Under the new rules, all employers of domestic workers must register with the Compensation Fund or face penalties, and make annual payments to cover their employees. SADSAWU is focusing its efforts on educating employers and domestic workers about their obligations and rights under the new rules, says Witbooi. SERI made a new domestic worker compensation information fact sheet available to domestic workers, paralegals and community advice offices this month, while SADSAWU is producing and distributing an educational WhatsApp video and pamphlet and translating the amendment into local languages.
The unions and SERI continue to press the government for more time for domestic workers to submit claims and increase retroactivity. “We must remain that beacon of hope for workers,” says Witbooi.

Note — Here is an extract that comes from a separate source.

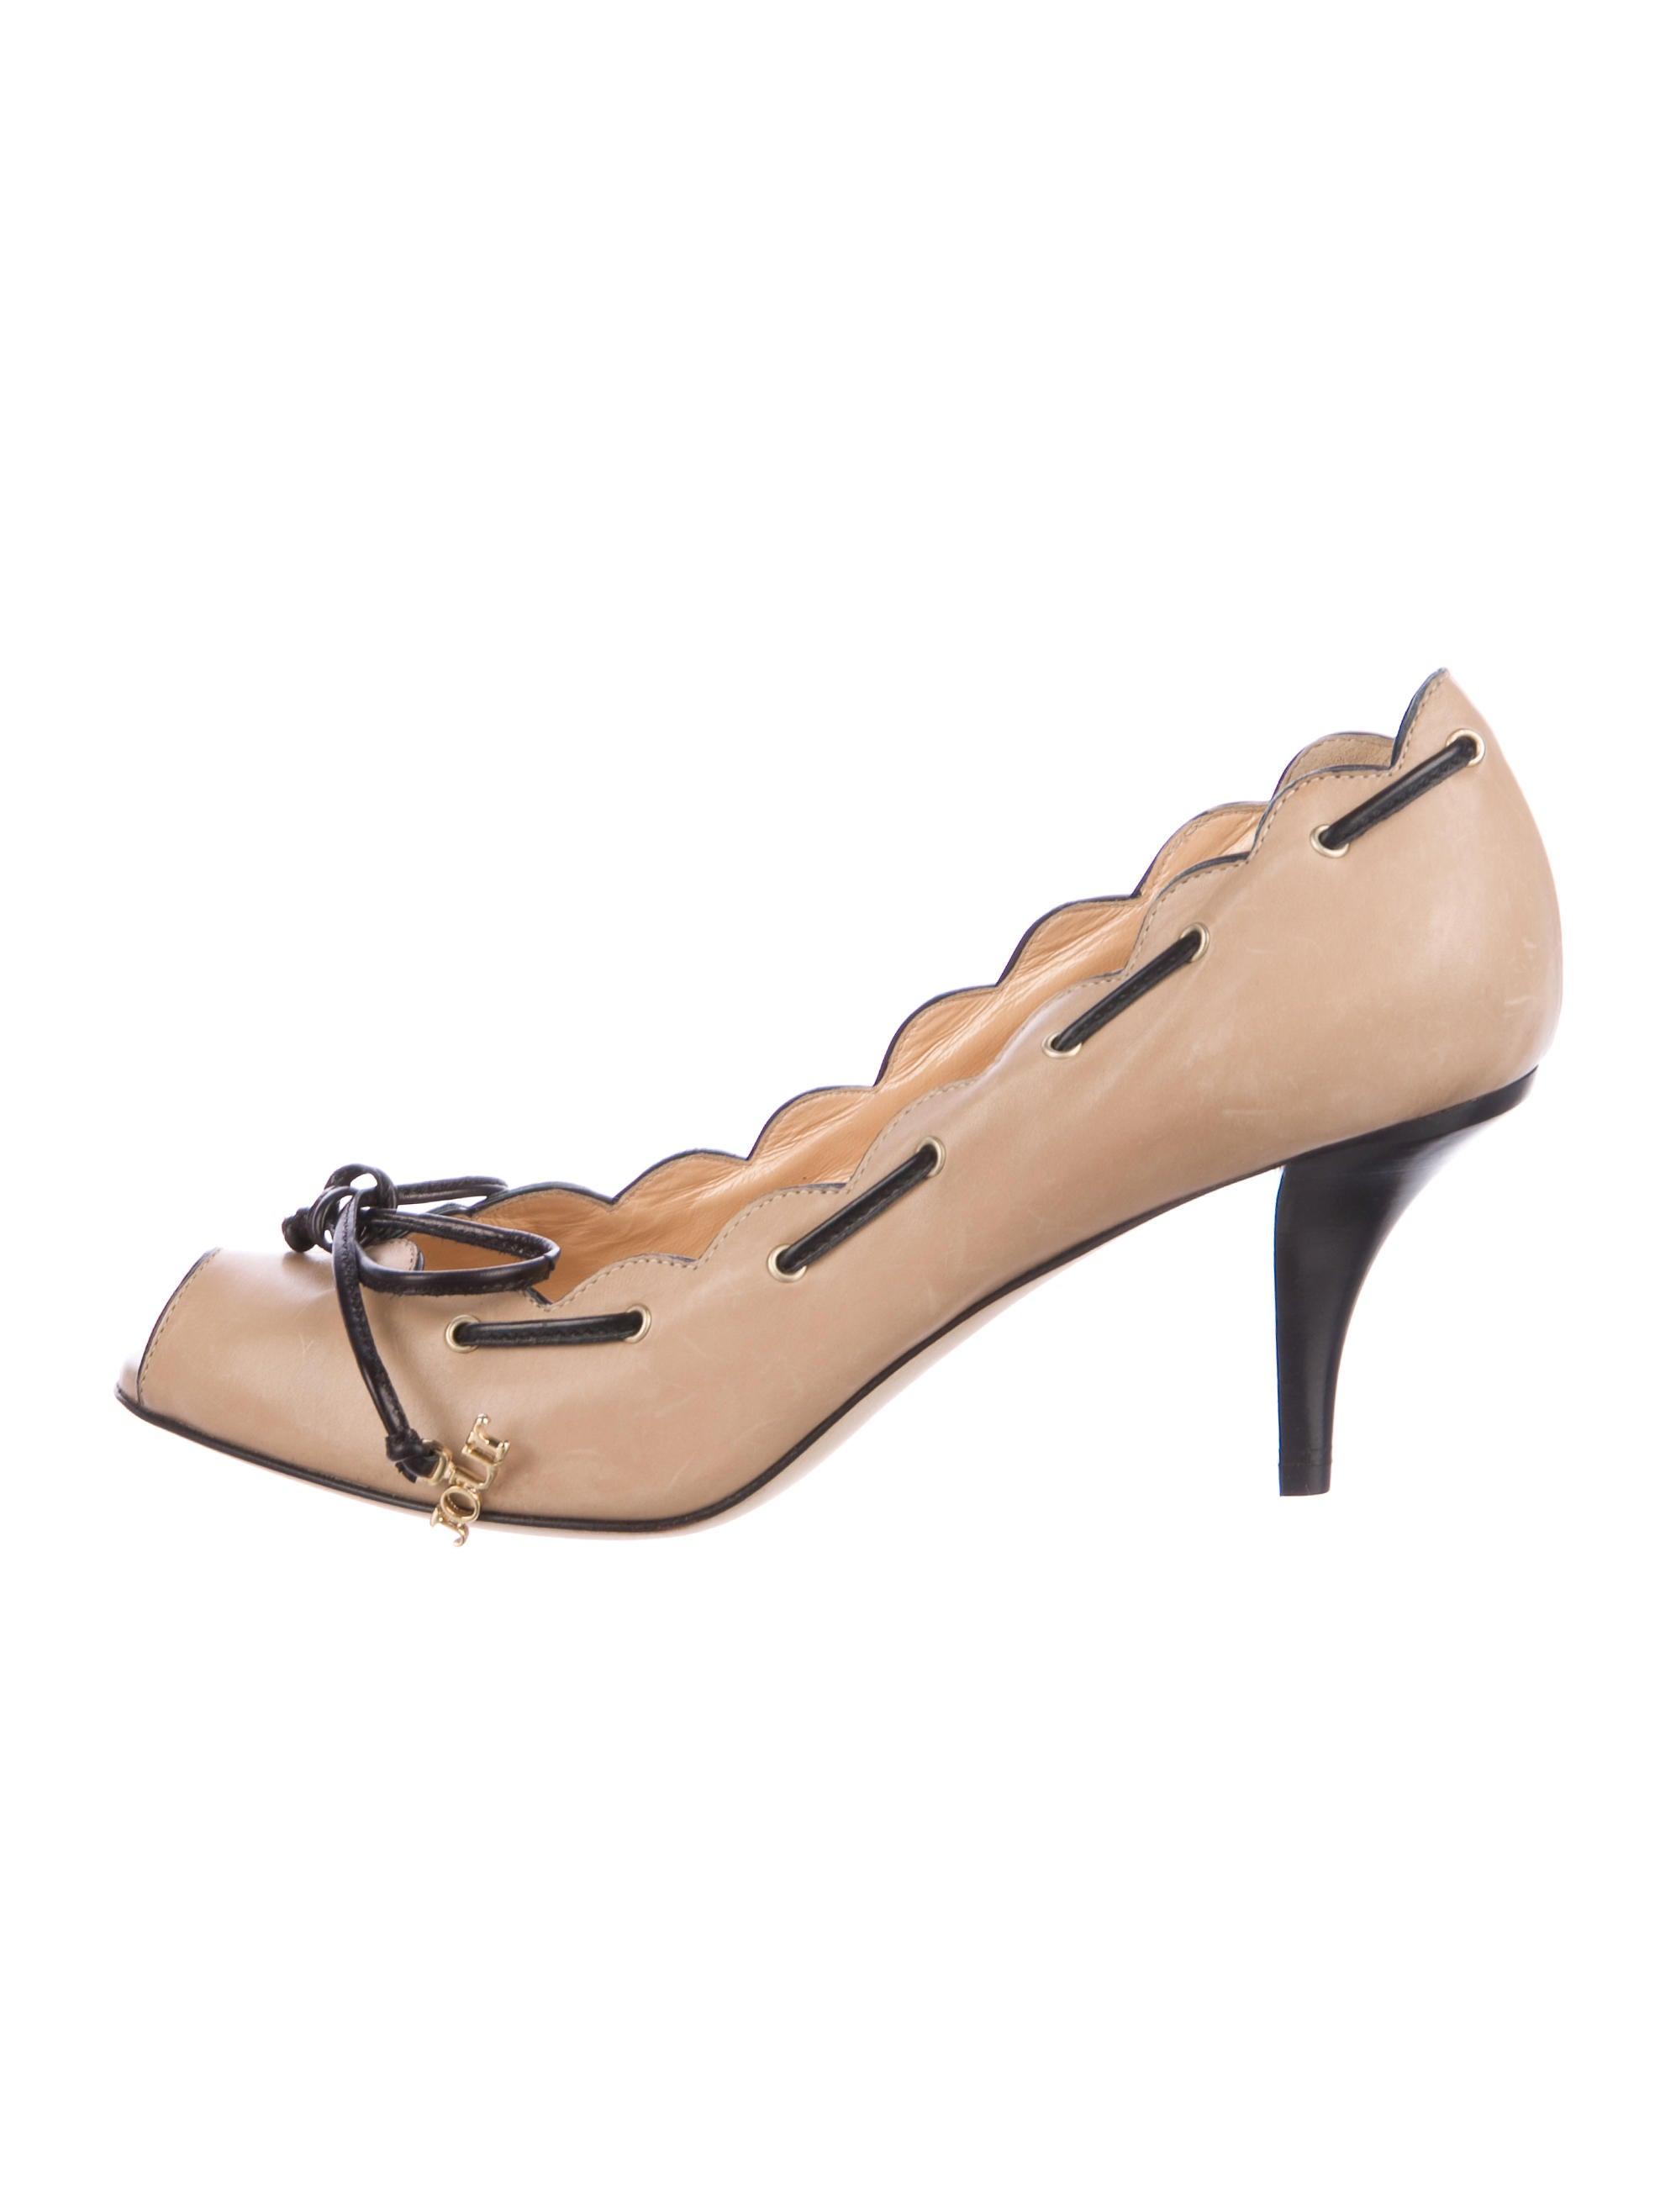 discount low price cheap sale explore O Jour Peep-Toe Slingback Sandals buy cheap great deals discount outlet store 1Pbc3WzTWB

Meanwhile, another domestic worker, Nobuhle Ndlovu, drowned in her employer’s swimming pool last month.
Ten years after the adoption of an International Labor Organization (ILO) Convention confirmed their labor rights, domestic workers across the globe are still fighting for recognition as workers and essential service providers, as documented by a new ILO report. And, although 32 countries have ratified Domestic Workers Convention 189, and 29 have entered the convention into force, most of the world’s 75.6 million domestic workers are still being denied social protection rights, including access to national health insurance, pension schemes and compensation funds.